By Jane Evans
Jessica Kingsley Publishers
ISBN 978-1-84905-602-1
£9.99
32 pages
Kit Kitten and the Topsy-Turvy Feelings is a therapeutic story book for children aged between two and six about a kitten called Kit whose parent is not always able to care for them. To help support Kit Kitten, Kindly Cat comes to their house and helps Kit to identify the feelings that are mixed up inside.
This is an attractively produced book aimed at parents, carers, educators and social care workers supporting young children whose parents struggle with mental health problems. It is a helpful tool for parents and professionals to enable young children to begin to name and talk about their feelings.
The story, beautifully illustrated by Izzy Bean, portrays the feelings and experiences of Kit Kitten with her mother Kizz Cat, who is sometimes laughing and loud, and at other times, sad, remote, or fast asleep.
At school, the well-meaning Mr Whiskers tries to help, but rescue comes from Kindly Cat, who introduces Kitten and Cat to ways of talking about their feelings.
The book includes feelings-based activities to build a child’s emotional awareness and vocabulary, and guidance about using the book to encourage children to name and differentiate feelings.
In the admirable tradition of Dennis the Duckling, the book sets out to add to resources for social workers and others to talk with young children about complex and painful situations through displacement into a family of animals.
There is much well-observed detail about adults with substance abuse and mental health problems, and children’s responses to the frightening situations that can ensue.
The language in the text does not always have the directness of the drawings however and, overall, I felt the book suffers from trying to do too much.

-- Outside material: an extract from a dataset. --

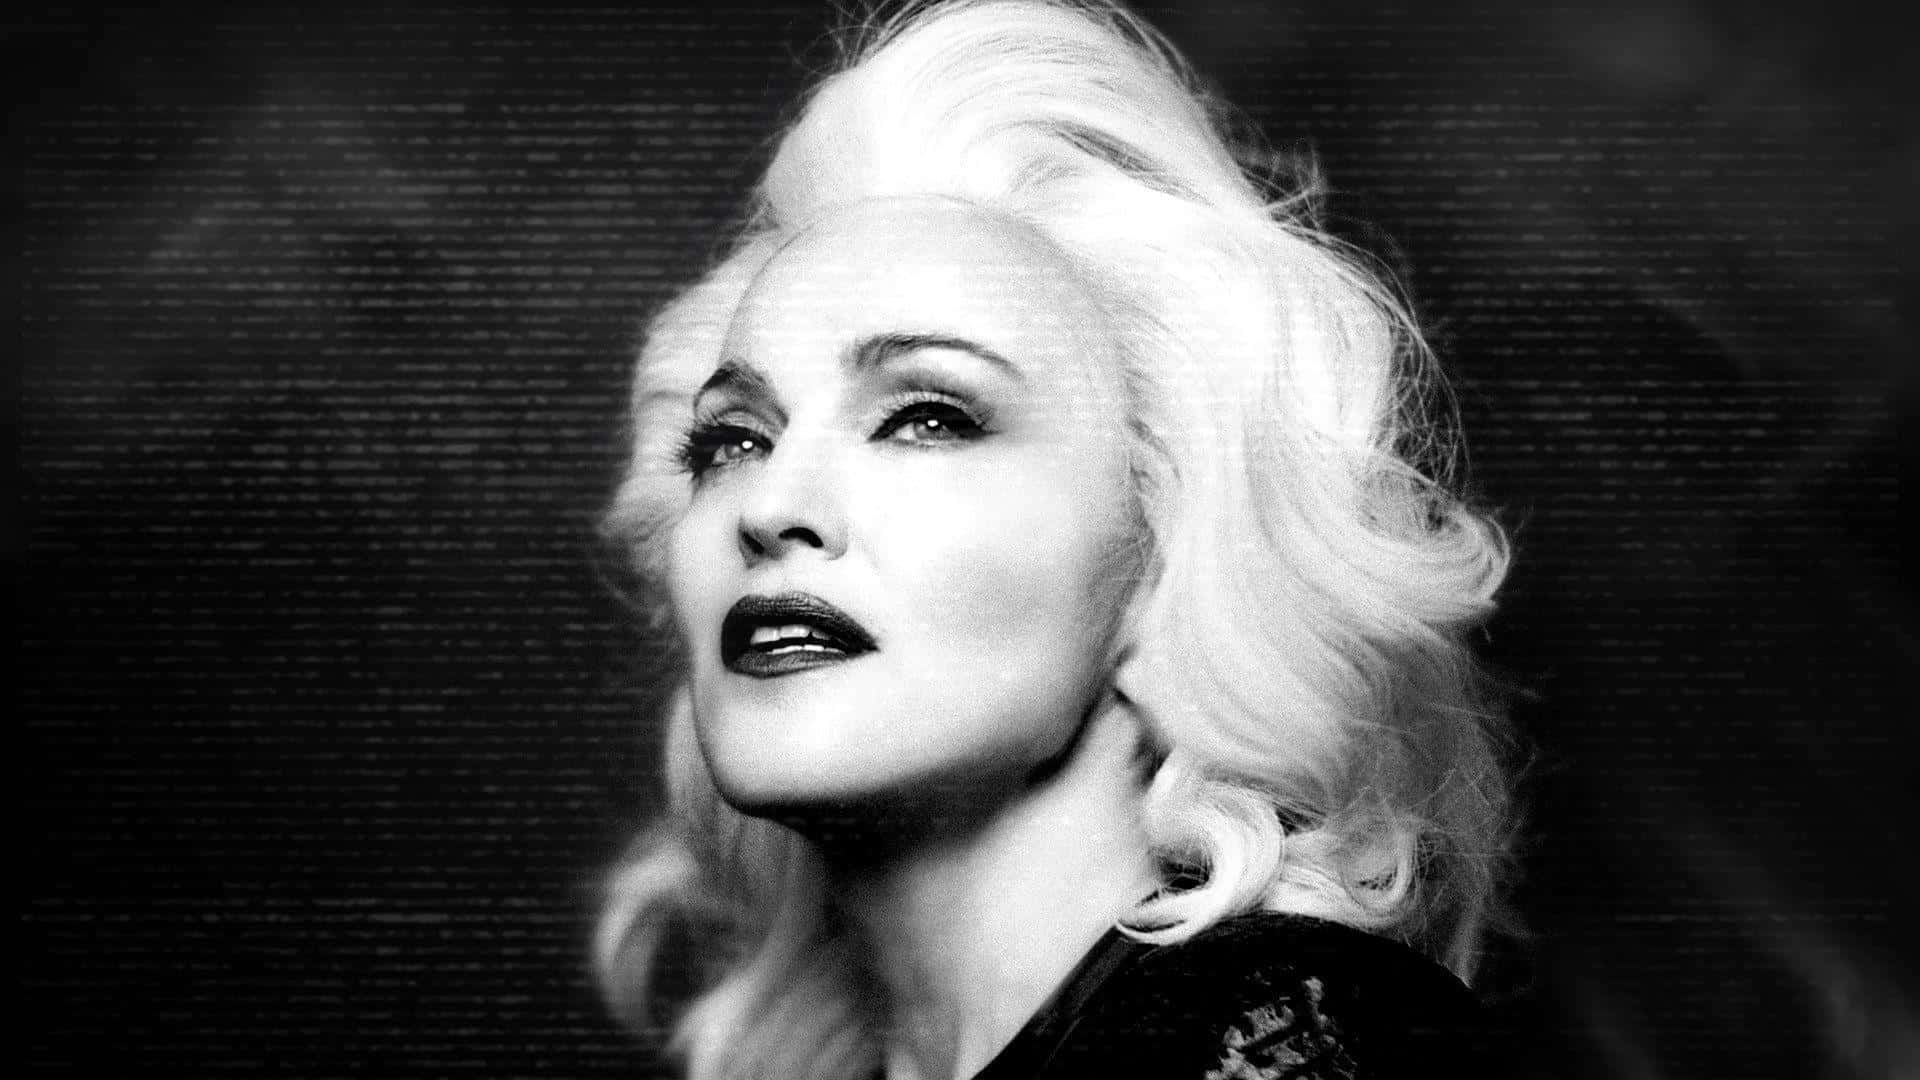 Madonnamit Ihren Ikonischen Blonden Haaren Und Gewagten Outfits.

The idea that recognising and naming feelings may be enough in itself to resolve complex mental health and parenting difficulties, and that children can identify and manage troubling feelings once they have the words to name them, seems to overstate the case for a therapeutic approach that may be valuable as one part of a wider intervention.
The happy ending where problems are resolved as Kitten and Kit learn to name and describe their feelings unfortunately does not accord with reality for many children who have had harrowing experiences of chaotic and unpredictable parenting.
This does limit the usefulness of the book for work, for example, with young children who are in care.